Exactly as written, retype the listing below, omitting the pictures.

---------- Input data

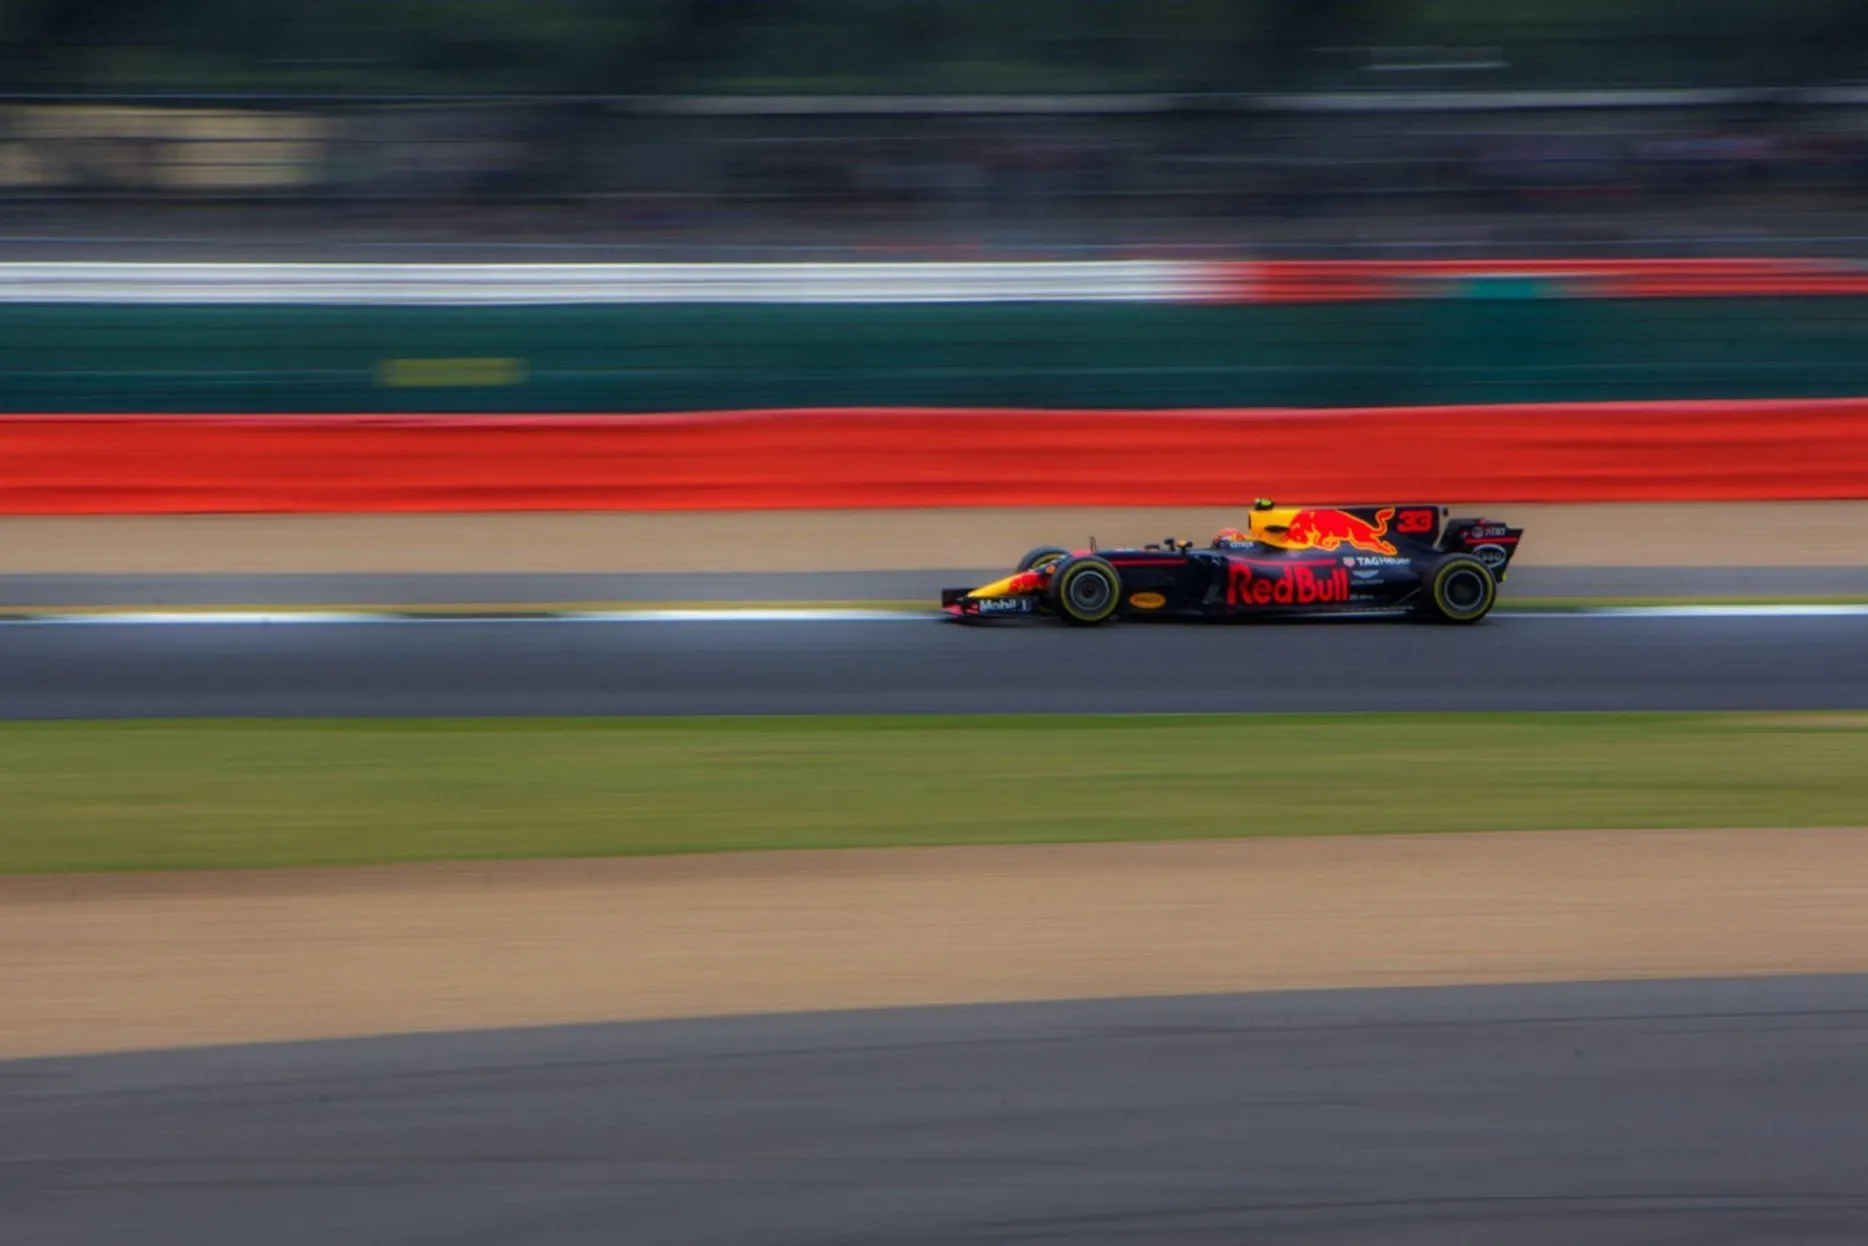 A Red Bull Formula 1 car on a racetrack.
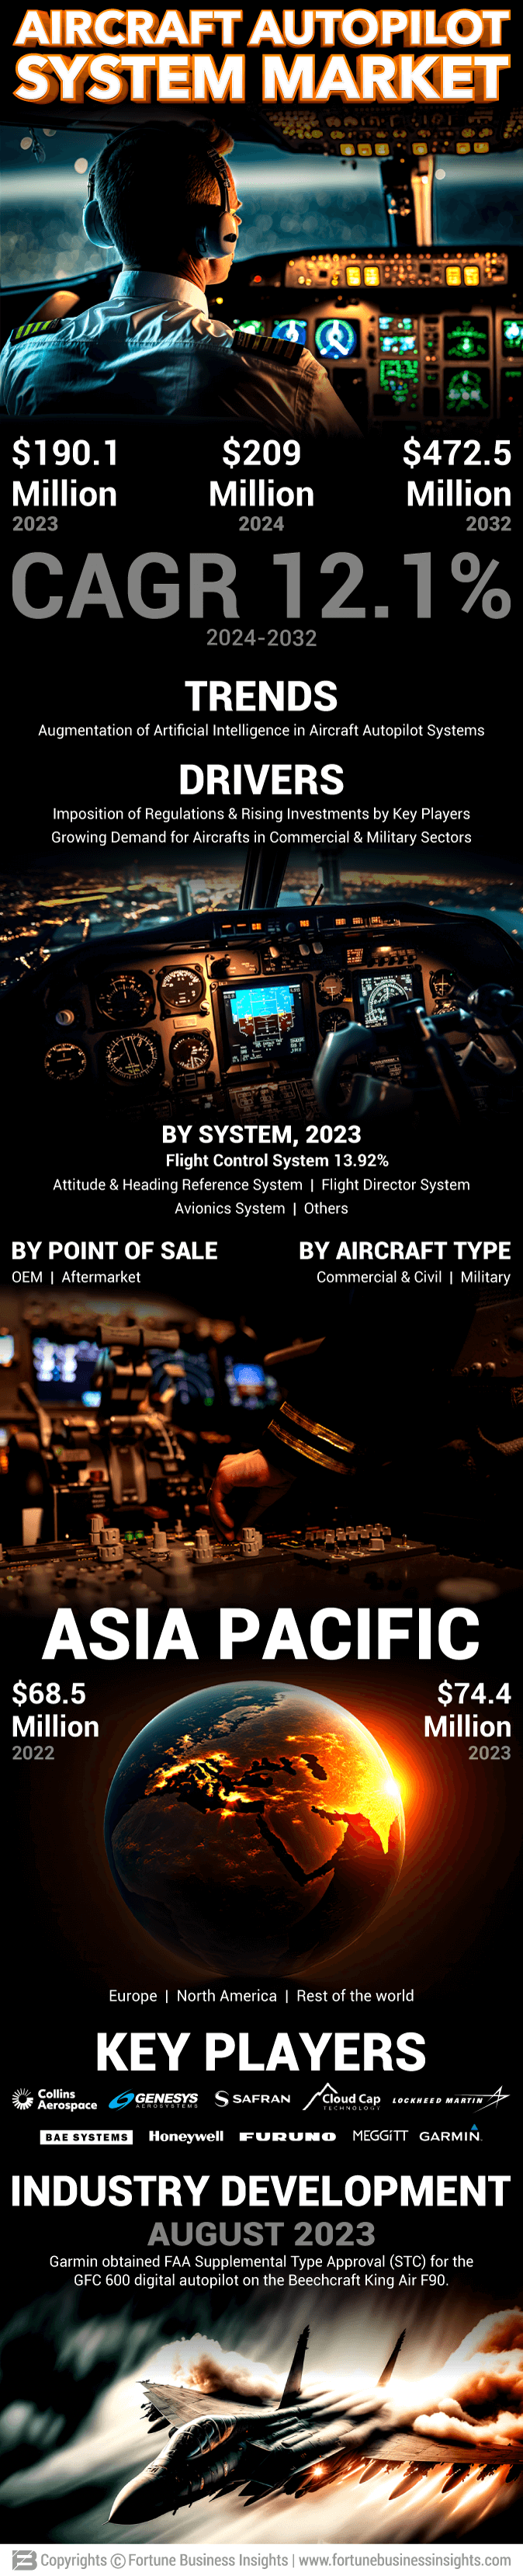 Aircraft Autopilot System Market
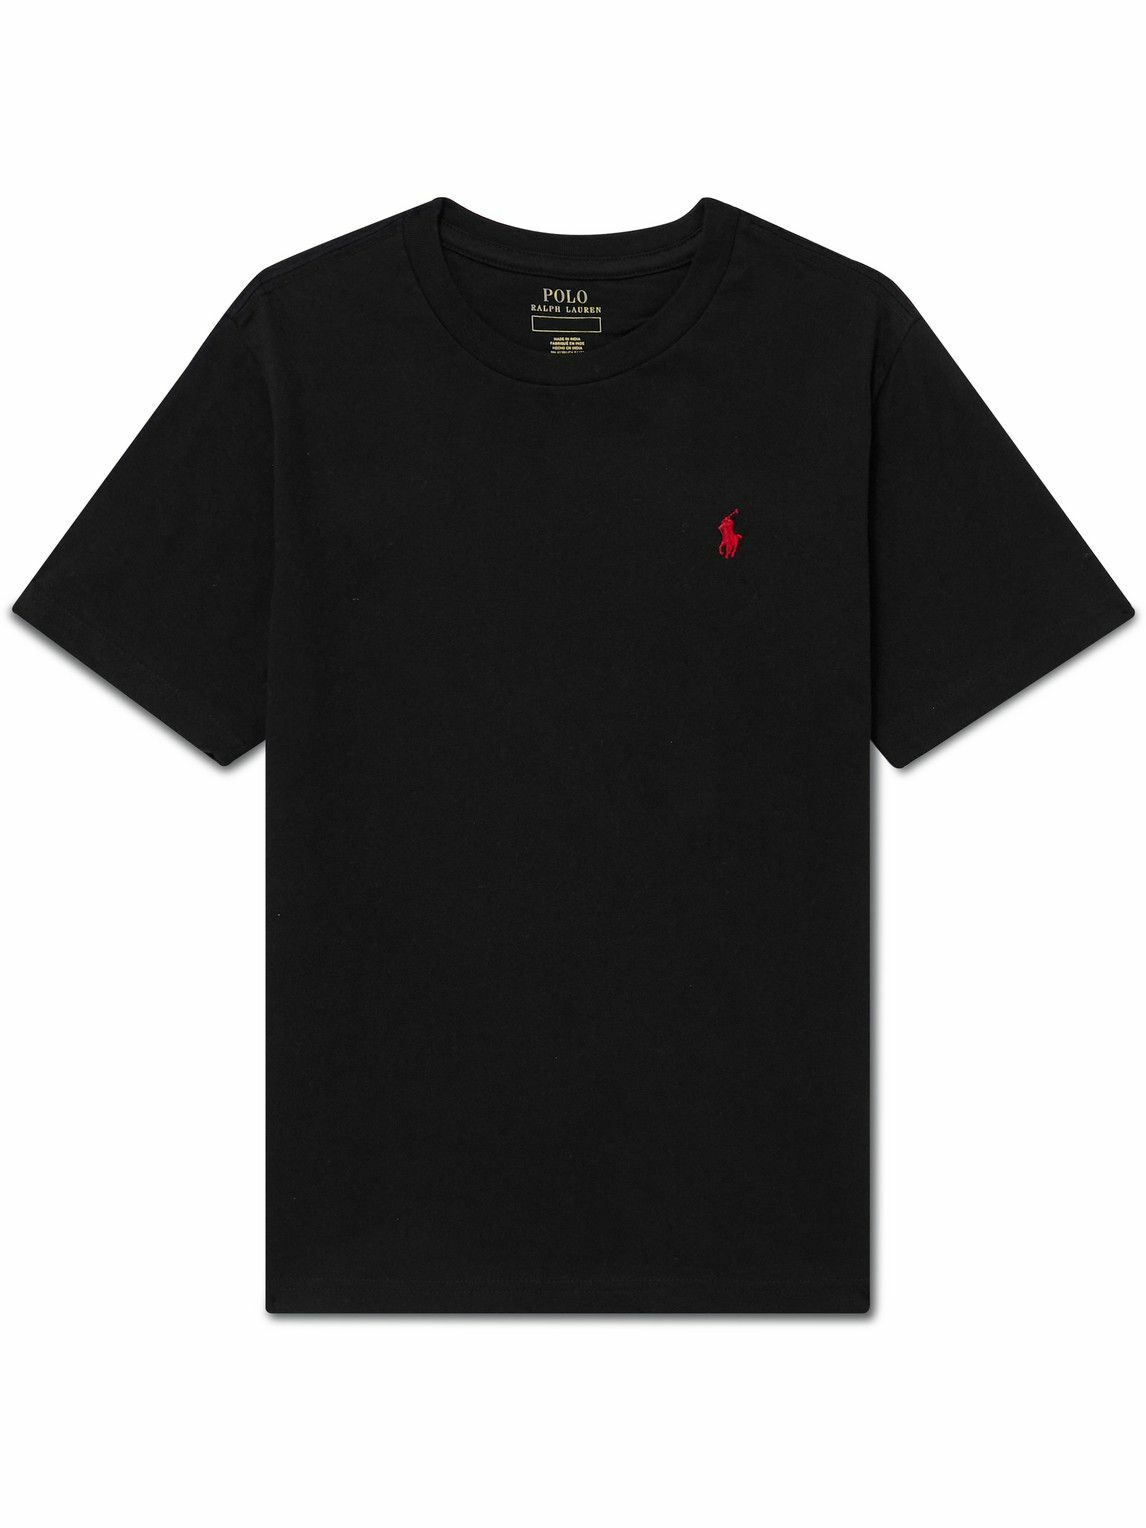 Polo Ralph Lauren Kids - Logo-Embroidered Cotton-Jersey T-Shirt - Black

--------------------

■ Solution for this task ■
 A Red Bull Formula 1 car on a racetrack.
 Aircraft Autopilot System Market
 Polo Ralph Lauren Kids - Logo-Embroidered Cotton-Jersey T-Shirt - Black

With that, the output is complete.